2. COOL Empowers Consumers to Decide Whether Foreign Food Safety Standards Are Good Enough: The U.S. no longer requires food safety systems in foreign packing plants to be at least equal to the U.S. and it no longer conducts monthly inspections of foreign packing plants. The U.S. only requires foreign safety systems to be equivalent and inspections to be conducted periodically.

3. COOL Ensures U.S. Producers a More Competitive Allocation of Beef Profits: Without COOL, packers exploit the generic nature of cattle by deflecting profits away from U.S. producers and sharing them with foreign producers. With COOL, profits from USA beef are allocated directly to U.S. cattle producers. This is why the cattle-producers’ share of each consumer beef dollar jumped to a 20-year high in 2014 – COOL caused a more competitive allocation of beef profits.

4. COOL Provides Consumers with Marketplace Choices: Because COOL distinguishes U.S.-produced beef from foreign beef produced in the 14 foreign countries that import beef into the United States, consumers can, for example, choose if they want their beef produced in Honduras, Nicaragua, Guatemala, Mexico, or the United States.

5. COOL Empowers Consumers to be Patriotic: Approximately 18 percent of the beef in the U.S. market is imported beef. When consumers purchase imported beef, their dollars support foreign cattle producers. Only with COOL can consumers direct their food dollars to support U.S. farmers and ranchers by purchasing beef that is exclusively born, raised and slaughtered in the United States.

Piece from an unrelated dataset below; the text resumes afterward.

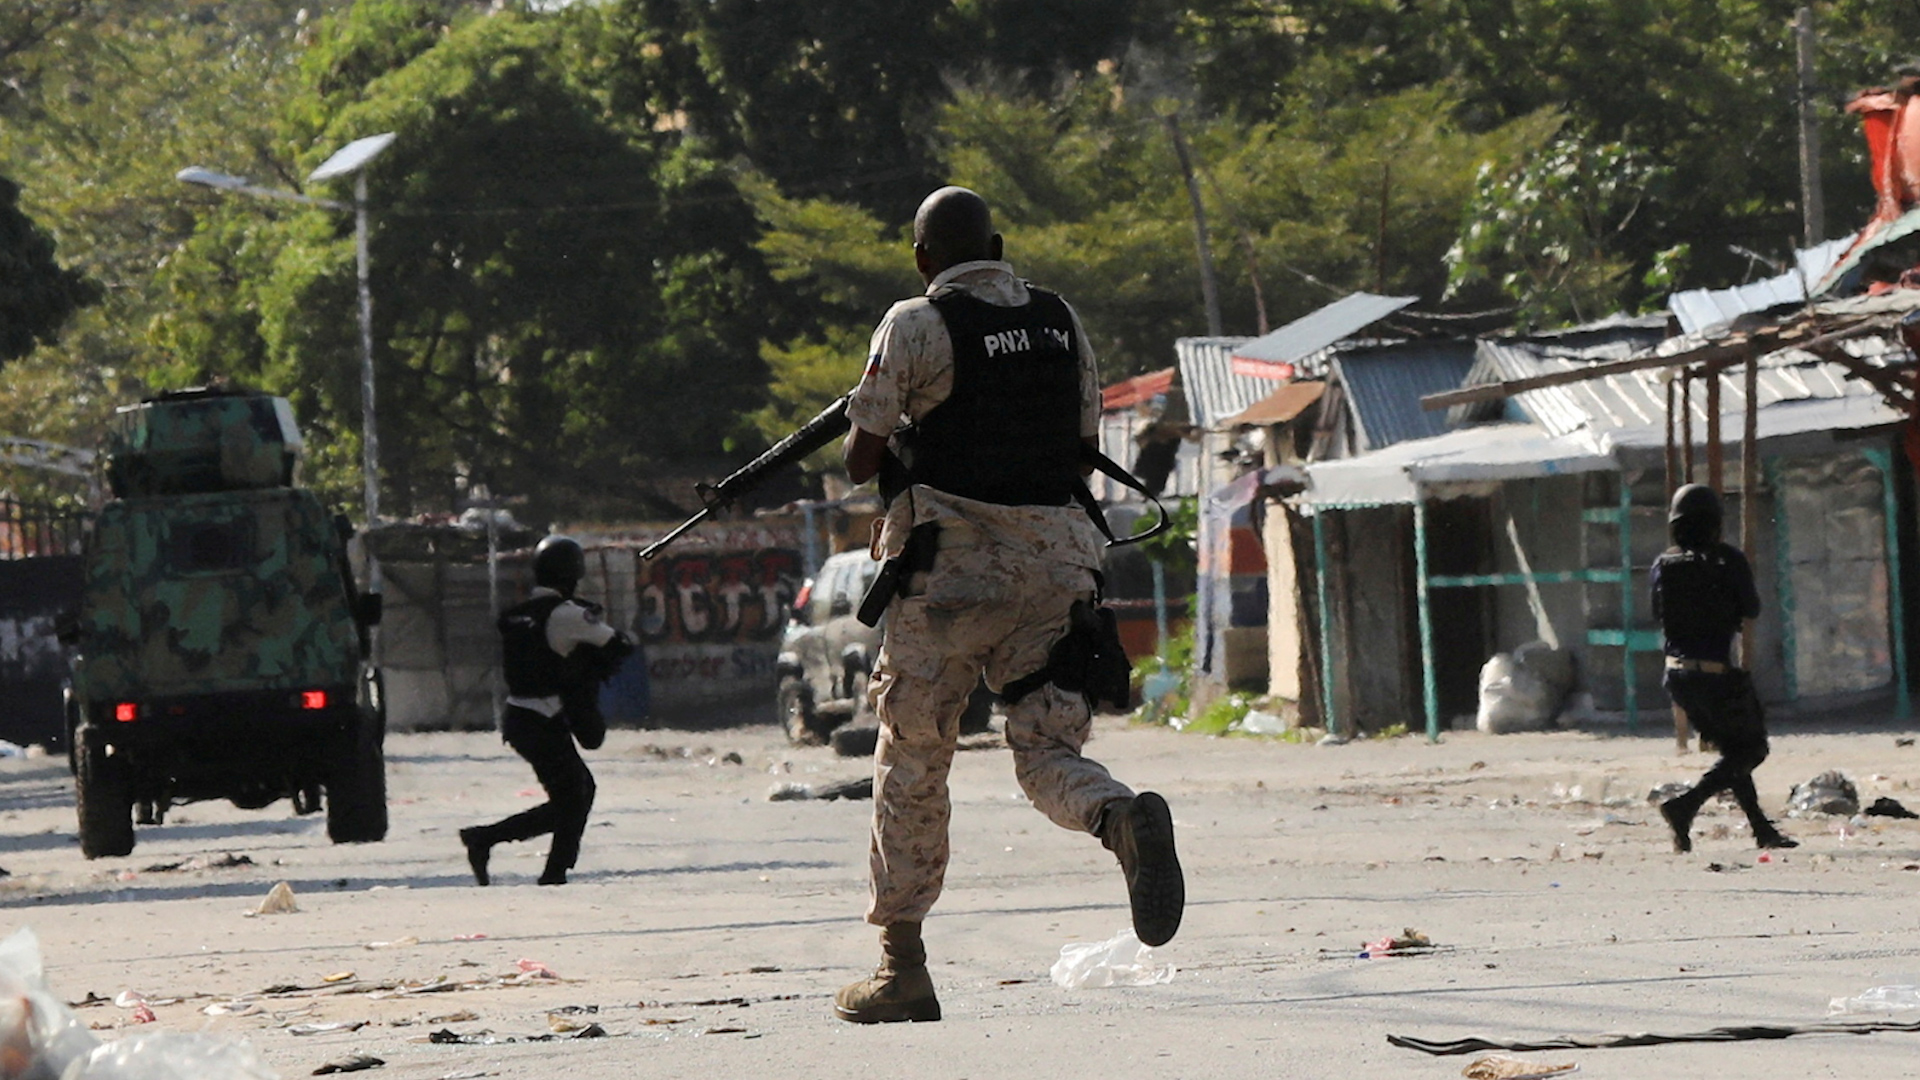 Trùm tội phạm muốn chiếm chính quyền, Haiti ban bố tình trạng khẩn cấp- Ảnh 1.

6. COOL Helps Reduce the Mounting Trade Deficit with Canada & Mexico: While it is true that Canada and Mexico are the 2nd and 3rd largest export markets for U.S. beef, respectively, it also is true that the U.S. imports far more beef and cattle from Canada and Mexico than it exports to them. In 2014 the U.S. deficit with Canada and Mexico was $2.3 billion in the trade of cattle, beef, beef variety meats and processed beef. The U.S. has had a trade deficit with Canada and Mexico in each of the past 25 years and the cumulative value of that deficit is $27.9 billion.

7. COOL Eliminates Consumer Deception: United States’ law requires all beef produced in both foreign and domestic packing plants to be labeled with a U.S. inspection sticker if the plants are certified to sell beef in the U.S. market. This prominent U.S. inspection sticker misleads consumers into believing the product is of U.S. origin. Only with COOL can consumers ascertain the true country-of-origin of their beef purchases.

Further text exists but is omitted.